Solution A contains both iron(II) and iron(III) ions
Q:
A student suggested that, for standard conditions, solution A should be
made by mixing equal volumes of 1 moldm−3 iron(II) sulfate solution and 1 moldm−3 iron(III) sulfate solution.
This mixture is not suitable for measuring the standard electrode potential of this cell.
State how this mixture should be changed. Justify your answer.

Answer:
Iron(II) sulfate should be 2 mol dm—3 (Mark 1)
Mixture should be 1 mol dm—3 with respect to each iron ion (in standard
electrode) (mark 2)

Can some explain how to approach this question and how to get the answers mentioned above?
Thank you!

ps - I added a link with the cell diagram if necessary

Standard conditions are 1 mol dm-3 for the Fe2+ and Fe3+ ions, rather than the conc of the compounds.
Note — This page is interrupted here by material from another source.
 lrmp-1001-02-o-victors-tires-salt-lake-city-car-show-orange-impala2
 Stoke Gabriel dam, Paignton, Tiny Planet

1 mol of Fe2(SO4)3 i.e. iron(III) sulfate contains 2 mol of Fe3+ ions. 1 mol dm-3 Fe2(SO4)3 therefore contains 2 mol dm-3 of Fe3+ ions.

bro could you please explain your answer?
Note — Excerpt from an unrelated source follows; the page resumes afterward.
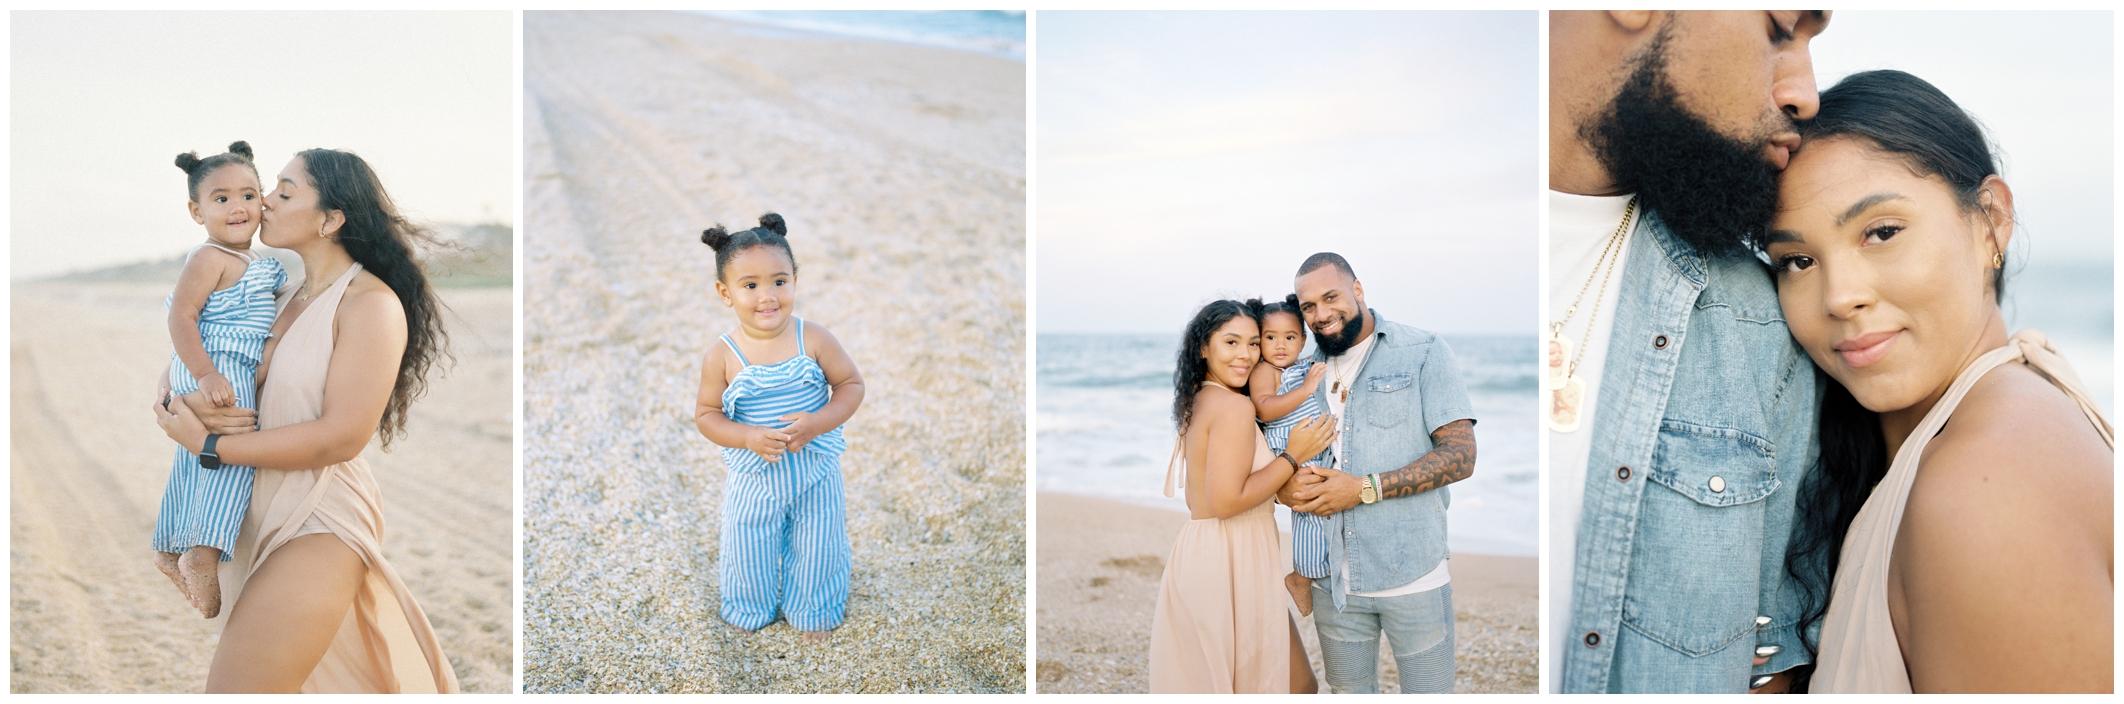 Lisa Silva Photography- Ponte Vedra Beach, St. Augustine and Jacksonville, Florida Fine Art Film Destination Wedding Photography- Family Lifestyle Session at Guana Preserve_0059.jpg

ok so basically, for a standard solution to be formed, the cell solution must be 1mol dm^-3 with respect to both Fe 2+ and Fe 3+ ions...

not the compounds feso4, fe2(SO4)3 etc

hence we have to find the indivdual ion concentrations from the compound itself...

to do that we will simply look at the mole ratio.

1 mol of FeSO4 produces 1 mol of Fe2+

1 mol of Fe2(SO4)3 produces 2 moles of Fe 3+ ....

The mole ratio we just found works for conc too

eg 1 moldm^-3 of fe2(so4)3 gives 2 moldm^3 of Fe 3+


note that when volume is doubled... conc is halved...

Surely if you double concentration of FeSO4 that would make it 2moldm-3 and Fe2(SO4)3 is also 2 moldm-3. But, doesn't it have to be 1 moldm-3.

So why don't you half concentration of Fe2(SO4)3 so they are both 1 moldm-3?